145 Ark. 143 | Ark. | 1920
Appellee, an owner of real estate in the Dermott-Collins Eoad Improvement District in Chicot and Drew counties, instituted suit against appellants in the Chicot Chancery Court to enjoin the commissioners of said district, who are the appellants herein, from proceeding under the act creating the district, alleging as ground the invalidity of the district.

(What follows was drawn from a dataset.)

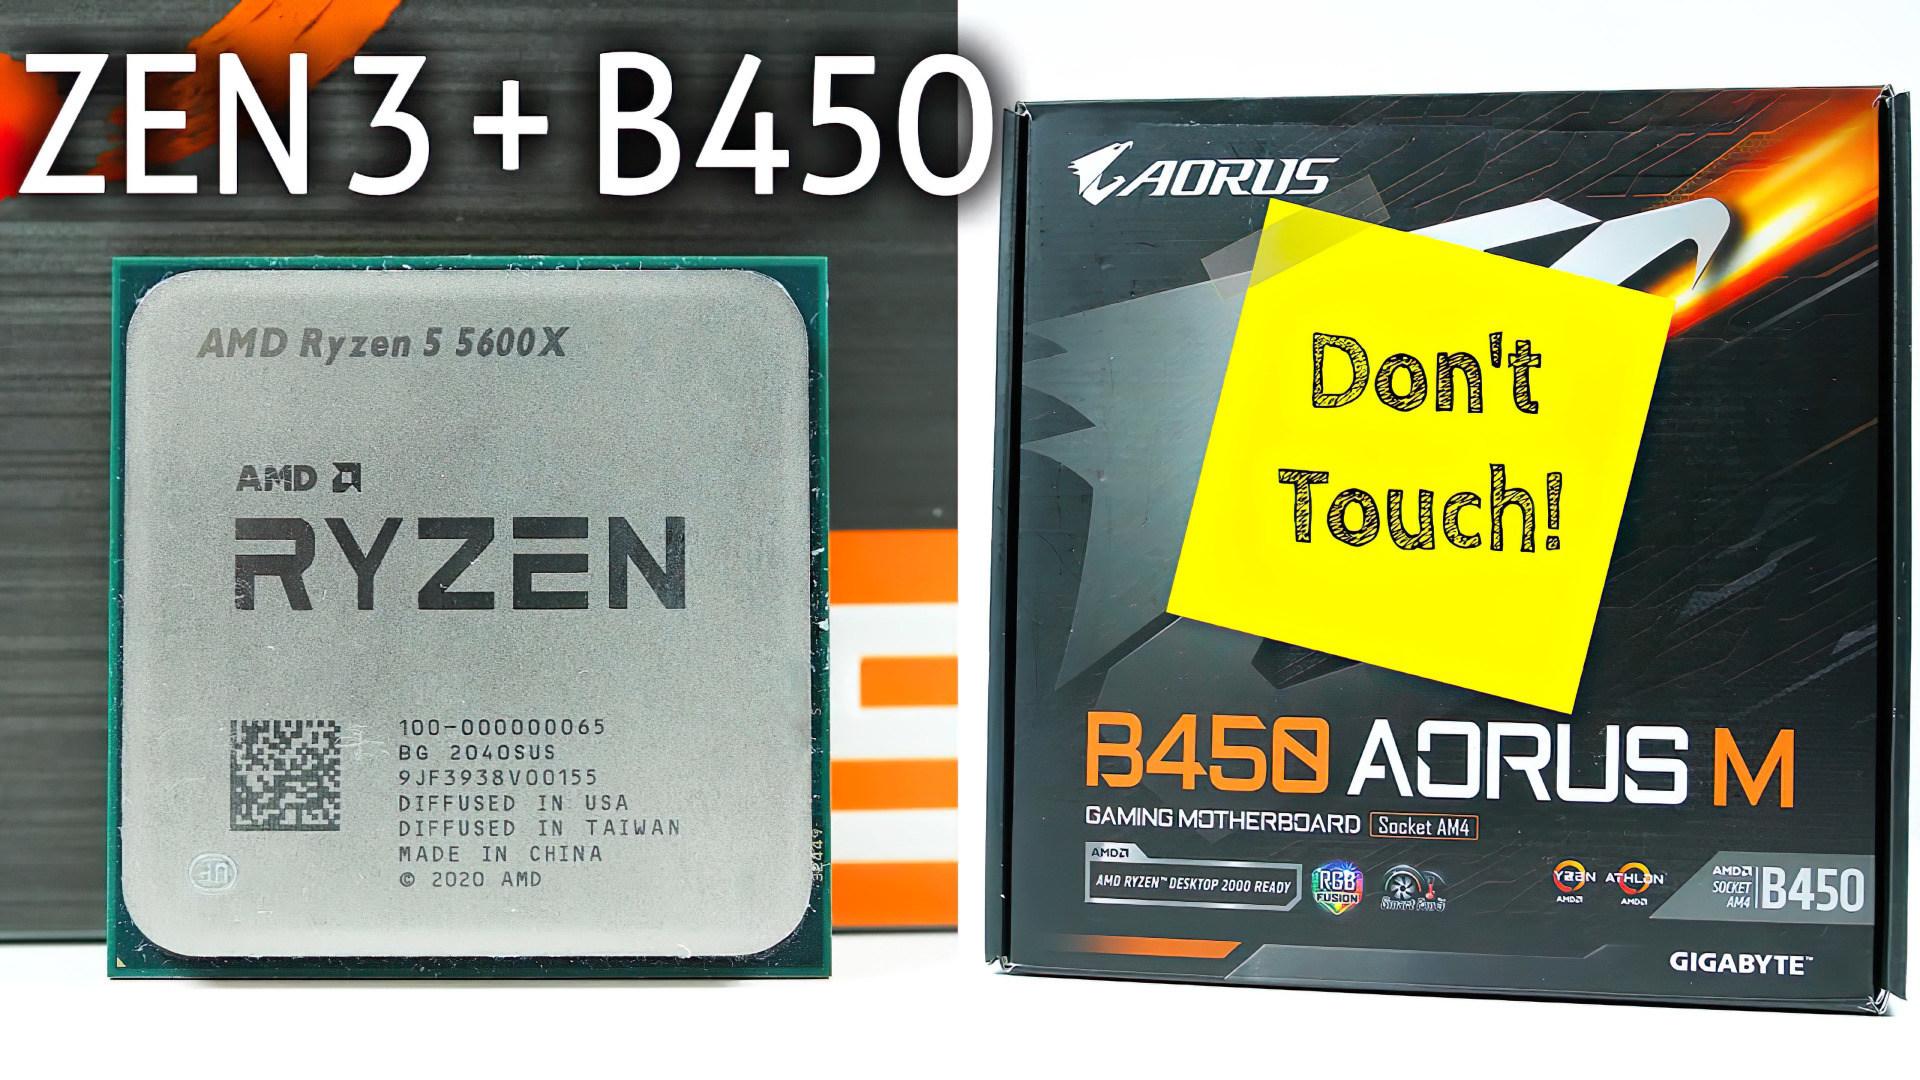 Prozessor, Cpu, Test, Amd, Asus, Ryzen, Vergleich, Zenchilli, Zenchillis Hardware Reviews, Gigabyte, Msi, Zen 3, B450, B550, X470, Ryzen 5600X
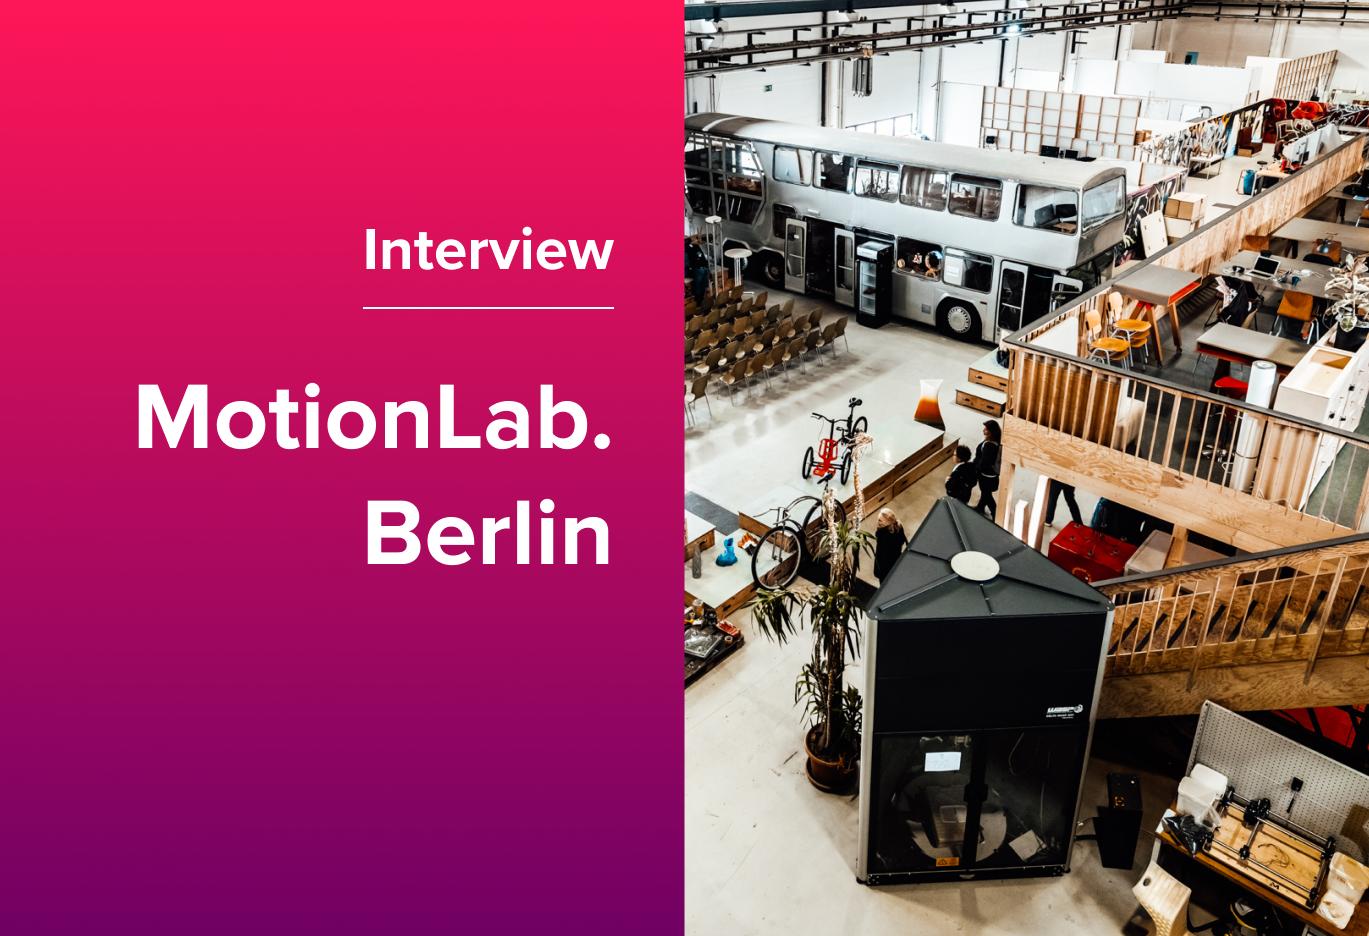 deskbird Coworking Spaces: Nice to Meet You, MotionLab.Berlin!

The validity of the district is assailed on the grounds, first, that the act does not sufficiently define the boundaries so as to indicate with any degree of certainty the lands included therein; second, that no provision was made in the act creating the district for assessing lands lying in Desha County, within five miles east and west of a certain line set forth in .section 1 of said act; third, that the act creating the district attempts a delegation of legislative power; and, fourth, that said act delegates judicial powers to an individual. Appellee filed a demurrer to the complaint, which was overruled, and, upon refusal to plead further, a-decree was rendered enjoining appellants from proceeding under the act creating the district. From that decree, an appeal has been duly prosecuted to this court.
(1) The district was created by special act No. 240 of the special session of the General Assembly, called on the 26th day of January, 1920. The boundaries of the district are designated in section 1 of said act, which, in so far as it relates to the boundaries, is as follows:
“That all real property and lands, including city and town lots, railroad rights-of-way, tramroads, telephone and telegraph lines lying in Chicot and Drew counties, Arkansas, west of a straight line running north and south along the eastern border of section 20, township 13 south, range 3 west, arid lying east of a straight line running north and south along the west corporation line of the town of Collins, and situated within five miles of any part of the road hereinafter described to be improved, are especially benefited by the improvement and are formed into an improvement district for the purpose of improving said road. The smallest subdivision of real property and lands as described by the United States government survey, .part of which are situated within the limits above described and within five miles of said road shall be included in the district.” A description is sufficient which embraces the lands to be benefited by boundaries certain of ascertainment. It will be observed from reading the description in said section that all the lands in Chicot and Drew counties west of a definite line and east of a definite line set out within five miles of the road to be improved are embraced within the district. Appellee has not pointed out any defect in the description of the boundaries which renders them uncertain or indefinite, but has contented himself with a general statement that they are fatally defective. Being unable to discover such a defect, we regard the description sufficient and including all lands intended.
(2) The suggestion that the act is unconstitutional because the district includes lands in Desha County, for the assessment of which no provision was made in the act, is not sound. The description only includes lands in Chicot and Drew .counties, so it was unnecessary to provide for the assessment of benefits in Desha County.
(3) The contention that the act creating the district is void, because of an attempt to delegate legislative authority, grows out of the provisions in sections 36 and 37 of said act that it shall not take effect until adopted by a majority of the qualified voters in the district, at a special election to be called by the chancery judge of the Second Chancery District. The'Legislature can not delegate to another its power to enact laws, but may make the enforcement or execution of the law dependent upon a condition or contingency. The law was made by the Legislature to become operative upon condition of its adoption by a majority of the qualified voters in the district. The exact point involved in the instant case was determined adversely to the contention of appellee in the cases of Little Rock v. North Little Rock, 72 Ark. 195; and Nall v. Kelley, 120 Ark. 277. The fact that the act did not provide for a notice of the special election can 'not invalidate the district, for the reason that it was within the power of the Legislature to create the district without submitting the adoption thereof to the qualified voters in the district. Having power to create the district without submission, it follows that any plan for submission, with or without notice, must' be valid.
(4) Th'e contention that the act is void, because of an attempt to delegate judicial powers to an individual, grows out of the phraseology in section 36 of said act, which authorizes the chancery judge to call the special election, designate the polling precincts, appoint the judges and clerks thereof and to receive a certification of the returns, and to decide any contest growing out of the election. The duties imposed upon the chancery judge by said section are ministerial and not judicial. The only duty imposed upon the chancery judge which has the semblance of a judicial function is the duty to settle any contest growing out of the election. The election provided for in the act has no relation to political elections determinable under the Constitution by the courts. The election provided for is in the nature of a petition. The duty imposed, to decide any contest growing out of the election, is therefore ministerial and properly lodged with an individual and not a court.
For the errors appearing, the decree is reversed with direction to sustain the demurrer to the complaint.